We can all make small efforts to help social media information stay current and credible. Thanks for reading this and to those back home in the Northwest, stay safe.

BONUS: I'm updating to address some of reports of "criminal activity" around the fires reported by some local Sheriff Departments. We still need to be careful about sharing these legit reports because, given the wrong spin by the wrong people, they can offer legitimacy to the completely bogus rumors. We need to remember to VERIFY what we see and not to jump to conclusions; just because a certain county has an arrest, it doesn't mean that arrest was related to an internet rumor. Of course there is going to be criminal activity and confusion in a crisis situation like this, and sure, there will probably some actual arsonists who get in on the game. But this is all the more reason to be extra diligent about the information we share on social media - so we don't add to the confusion and get in the way of the local authorities address the real problems.

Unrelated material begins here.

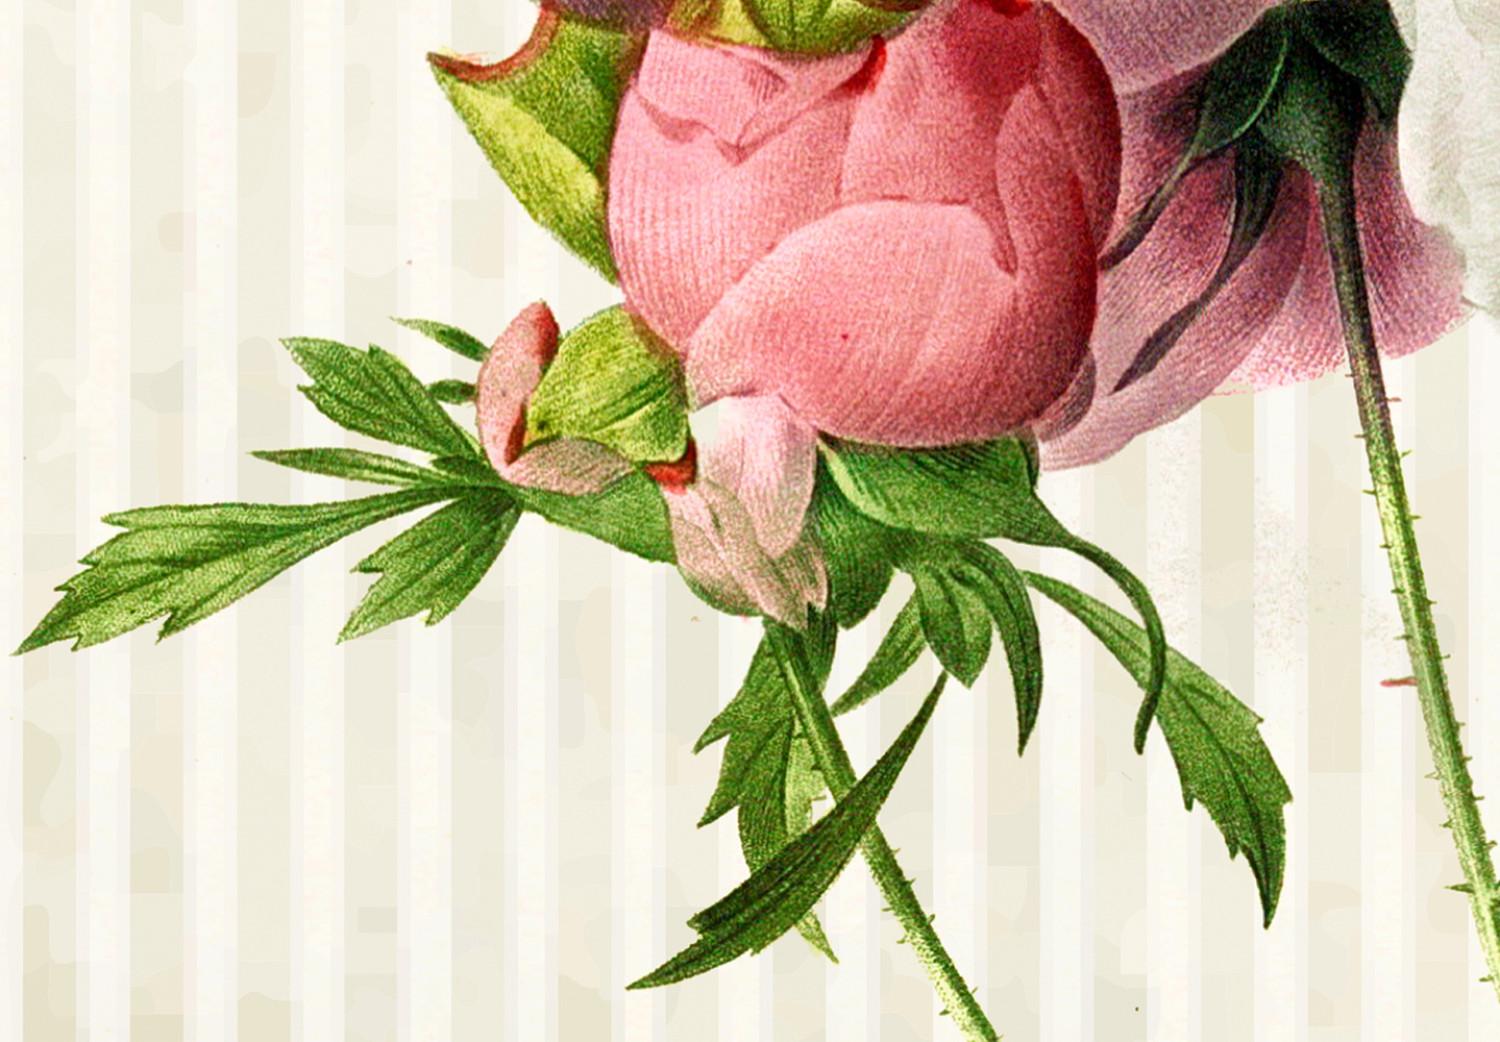 Cuadro Rosas Coloridas (1 pieza) - Inspiración Floral Retro en Colores Vivos

There also good reasons to wait on sharing the information. First is "spin." Even if the information is true, it doesn't take long for things to get tangled up in the social media web until it's spun beyond recognition. People with agendas to push their opinions or view points can jump on these true stories and manipulate the information to serve their own purposes. Second, waiting a few days before sharing online might give time for the locals dealing with the issue to get to the bottom of what really happened and avoid rumors from premature conclusions.